Our main goal has been to shed light into the research questions posed in Section I-B).

For RQ1, we devised various ways of leveraging LMs, and we compared to recent works on using LLM prompts for item ranking. We found that such an LLM-only approach is not viable, as it cannot cope with long-tail items. In contrast, using LLMs to generate concise user profiles, based on our CUP framework, is a competitive solution. However, they do not outperform the simpler CUP variants, like idf-based sentences, and the simpler methods are low-cost.

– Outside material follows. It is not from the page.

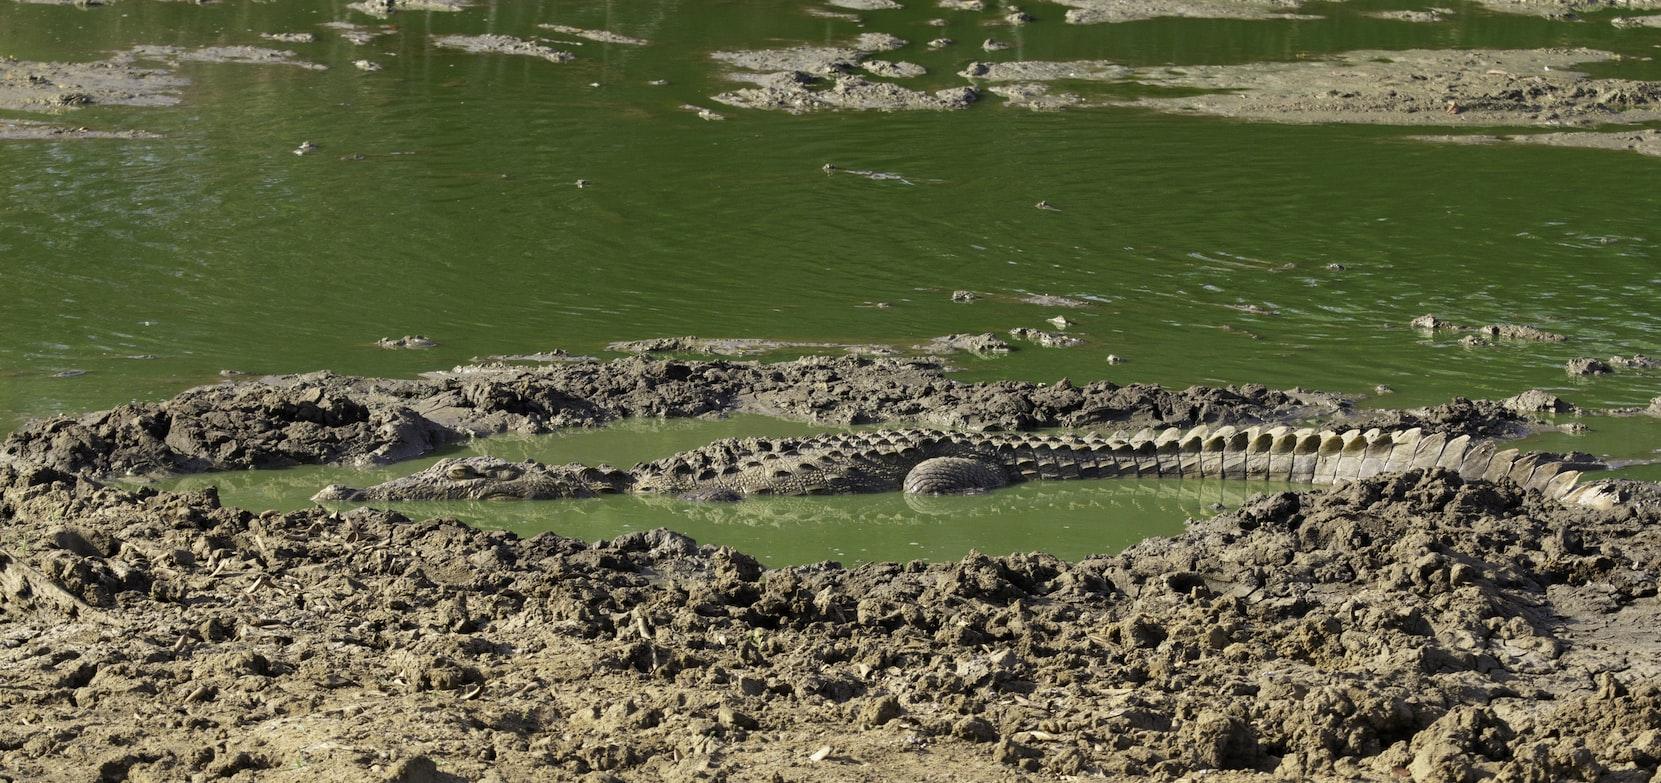 Crocodile - Yala national park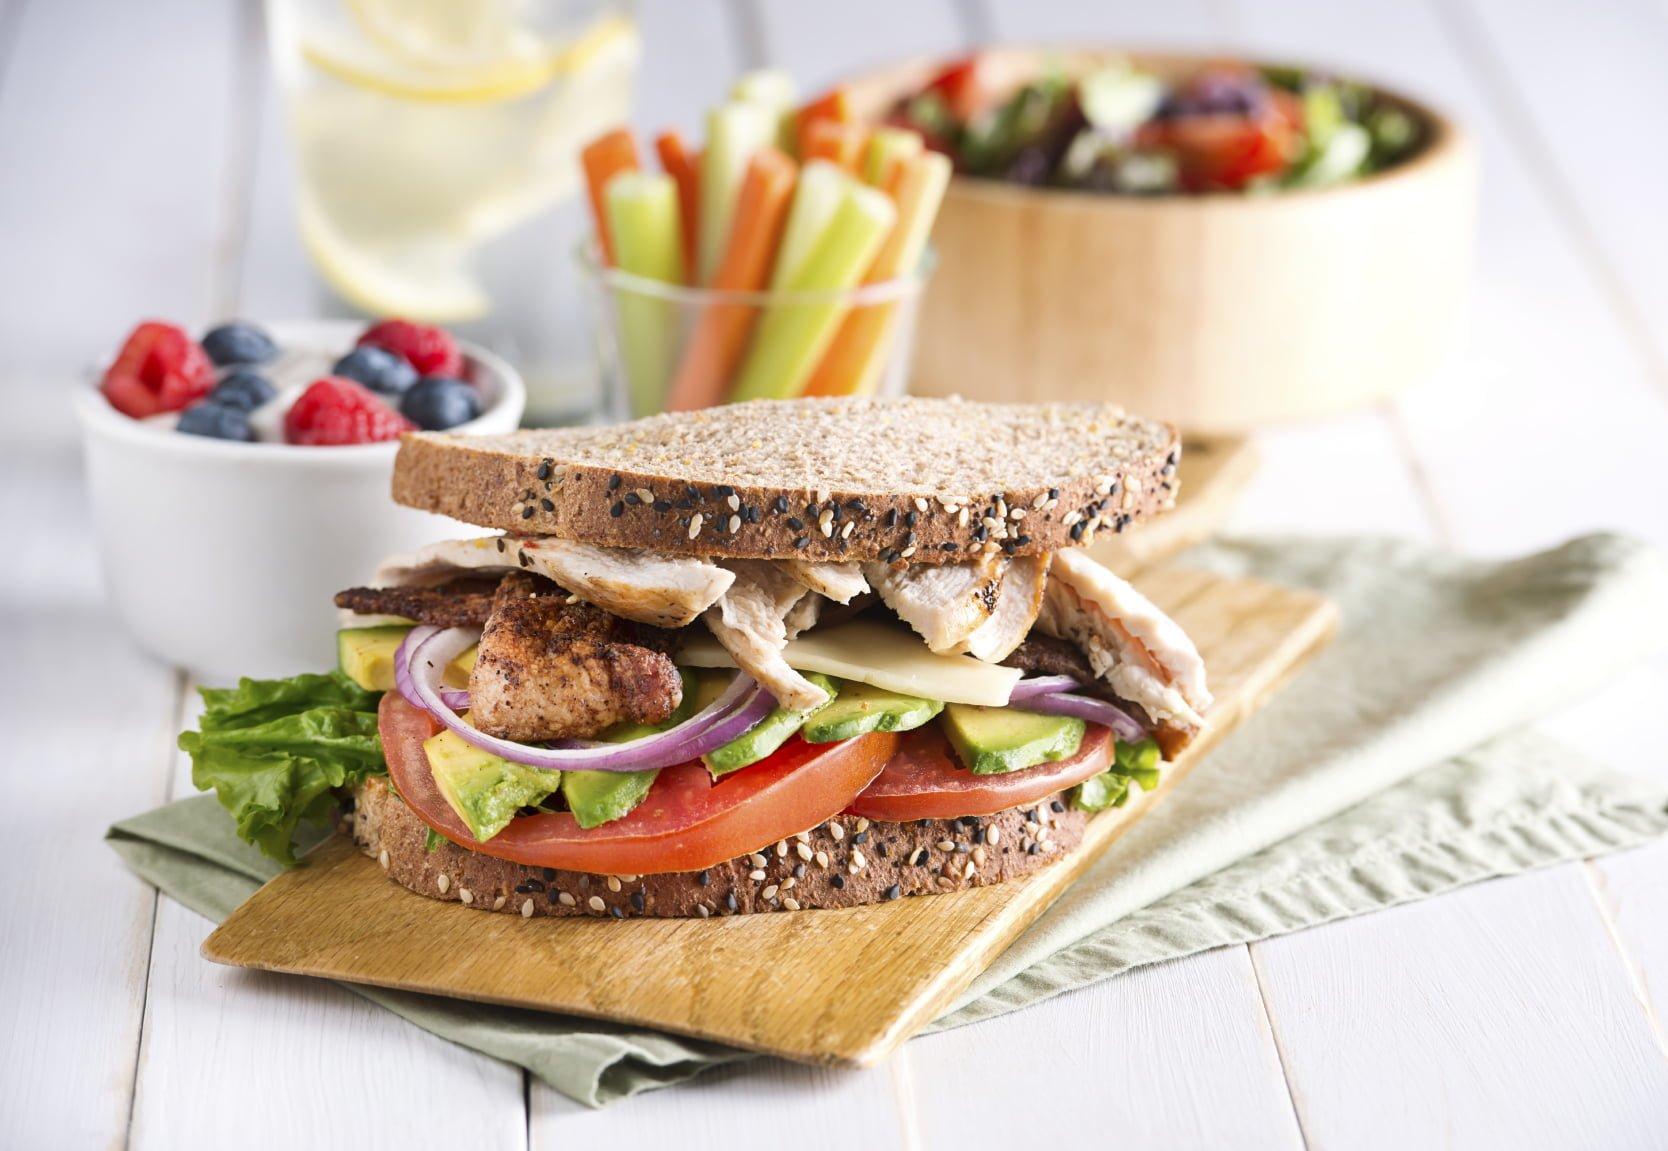 sandwich, veggies and fruit yoghurt

For RQ2, we limited the number of input tokens for the Transformer to 128, creating a stress-test but also aiming to minimize the computational and energy cost at training time. Our experimental findings confirmed that this tight length for user profiles is indeed viable, yielding good NDCG@5 and P@1 results (relative to the difficulty of this data).

For RQ3, we devised various techniques for selecting informative cues from user reviews. A key observation from the experiments is that a moderate degree of sophistication, like idf-selected sentences, is largely sufficient. Our default configuration CUPidf performs on par with more elaborated variants, such as leveraging SentenceBERT or having T5- generated keywords for concise profiles. Moreover, CUPidf mostly outperforms even the profiles that were generated by ChatGPT with the full review texts as input.